Finaliste au Prix Goncourt 1910 aux côtés de Marie-Claire de Marguerite Audoux, L'Hérésiarque et Cie d’Apollinaire et De Goupil à Margot (lauréat) de Louis Pergaud, La Vagabonde permit à Colette Willy, alors également actrice et mime, de consolider sa place en tant qu’écrivaine sur la scène littéraire de la Belle Époque. La richesse du roman, inscrit au programme du concours de l’ENS en 2023, et ses prolongements dans d’autres domaines artistiques, offrent de nombreuses perspectives de relecture, en complément des travaux qui ont mis en valeur l’aspect autobiographique du texte ou son importance dans le renouvellement du regard sur le monde des coulisses du spectacle à la Belle-Époque.

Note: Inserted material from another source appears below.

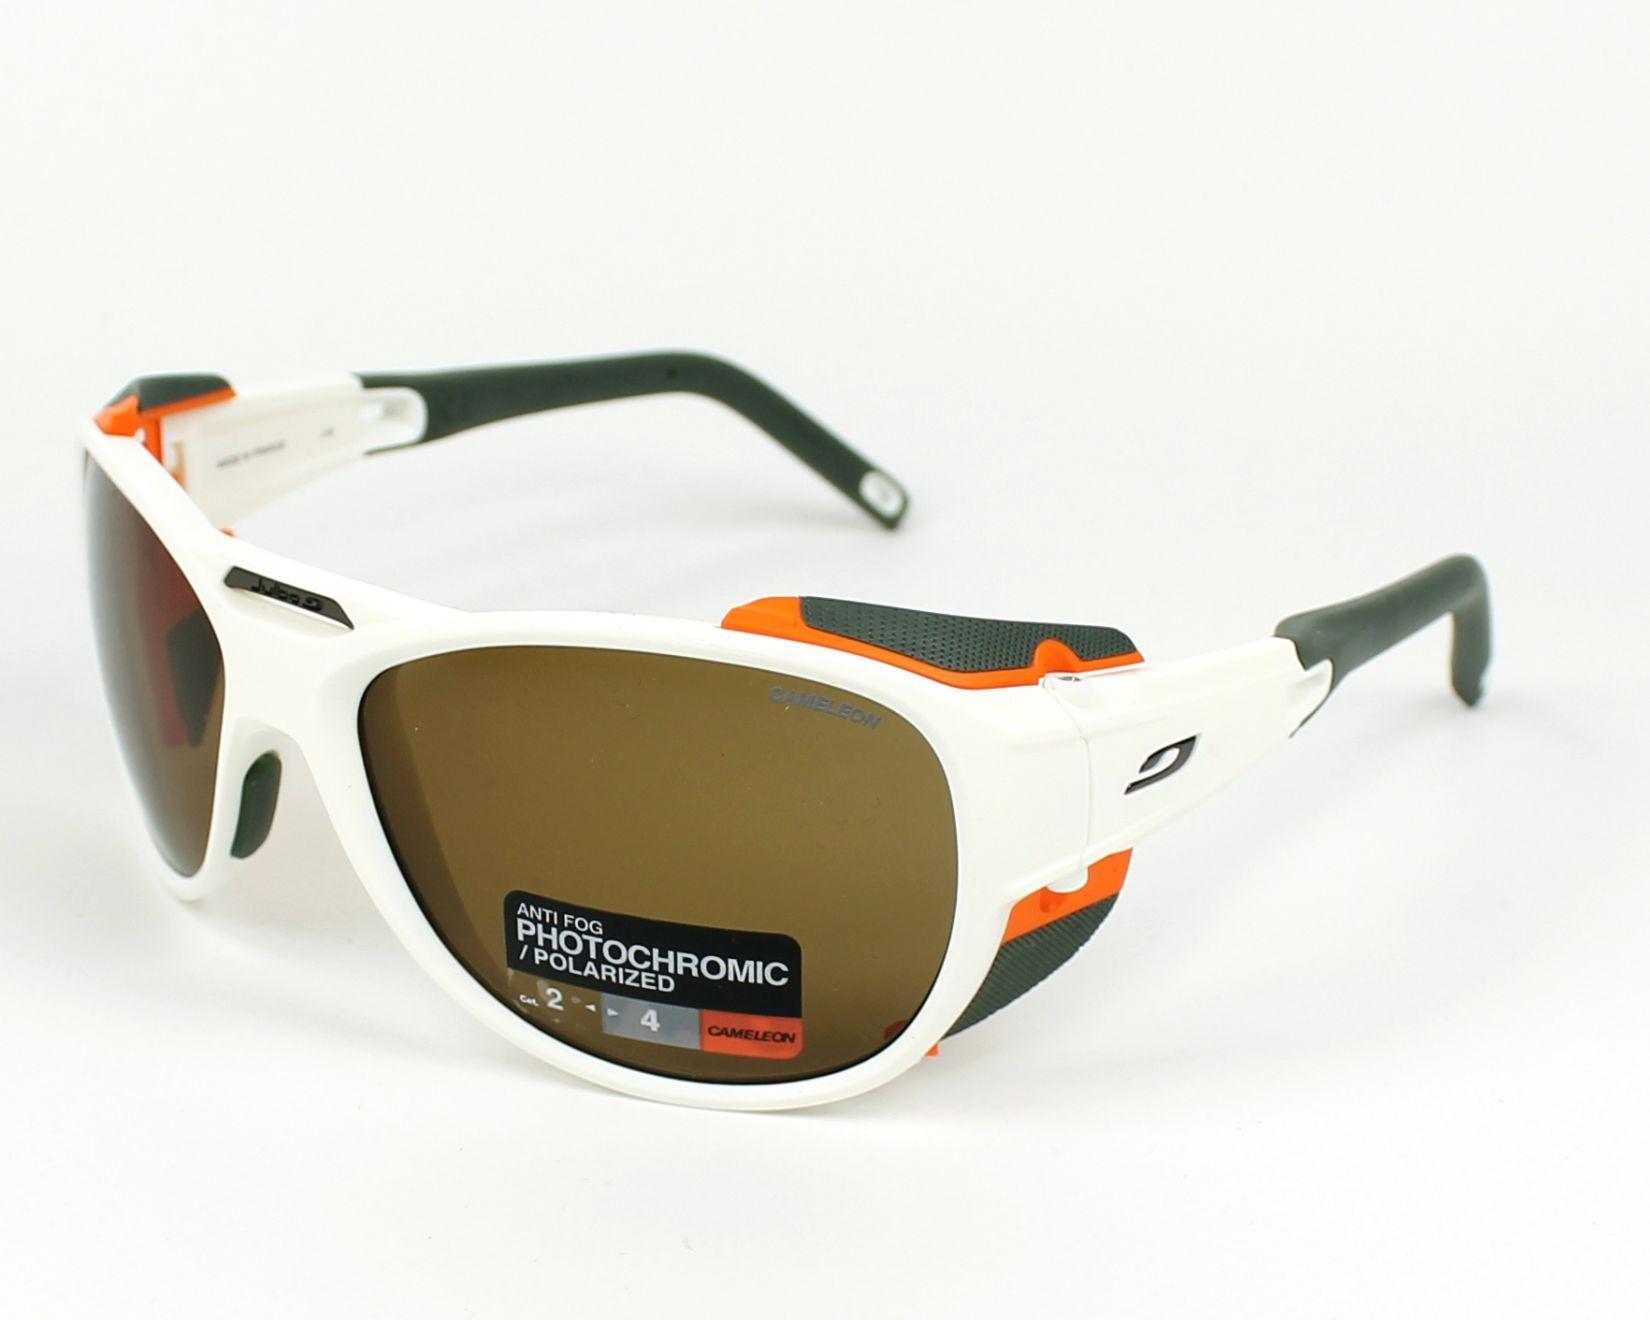 ab4bae16bd Gafas de sol Julbo J497 5011 - Blanco Naranja vista de perfil

Nous proposons aux contributeurs/trices d’aborder l’œuvre de sa parution en feuilleton dans La Vie parisienne jusqu’à ses prolongements dans les éditions illustrées ou les adaptations pour le cinéma (1918) et la scène (1923), adaptations déjà en germe dans l’écriture hautement polyphonique et dialogique du roman. Une étude comparative du roman et du texte théâtral serait à cet égard bienvenue, tout comme une ou plusieurs analyses touchant à la question de l’hybridité générique de ce roman. Il s’inscrit en effet dans le contexte de refontes formelles propres au genre romanesque depuis la fin du 19e siècle. La Vagabonde se situe au carrefour du « roman personnel », des romans sentimental, épistolaire et à clés, ainsi que du roman de vengeance. Les réflexions sur l’Art et la célébrité que Colette y propose pourraient également faire l’objet d’une étude qui commente la posture de l’autrice dans le champ littéraire des années 1910.
Sur le plan thématique, Colette, de même que ses confrères romanciers, s’interroge sur les possibilités et modalités des relations amoureuses. Elle réinvestit le mythe de Diane et explore les conséquences morales et pratiques de la solitude au féminin tout en abordant assez frontalement la question du désir et de la sexualité hors du cadre du mariage. Chemin faisant, elle campe un contexte amoureux dont elle révèle la violence symbolique et réelle envers les femmes. Ces deux aspects ont fortement influencé la réception de cette œuvre qui pourrait, elle aussi, faire l’objet d’un examen attentif, en France comme à l’étranger, dans la critique comme dans le domaine de la traduction.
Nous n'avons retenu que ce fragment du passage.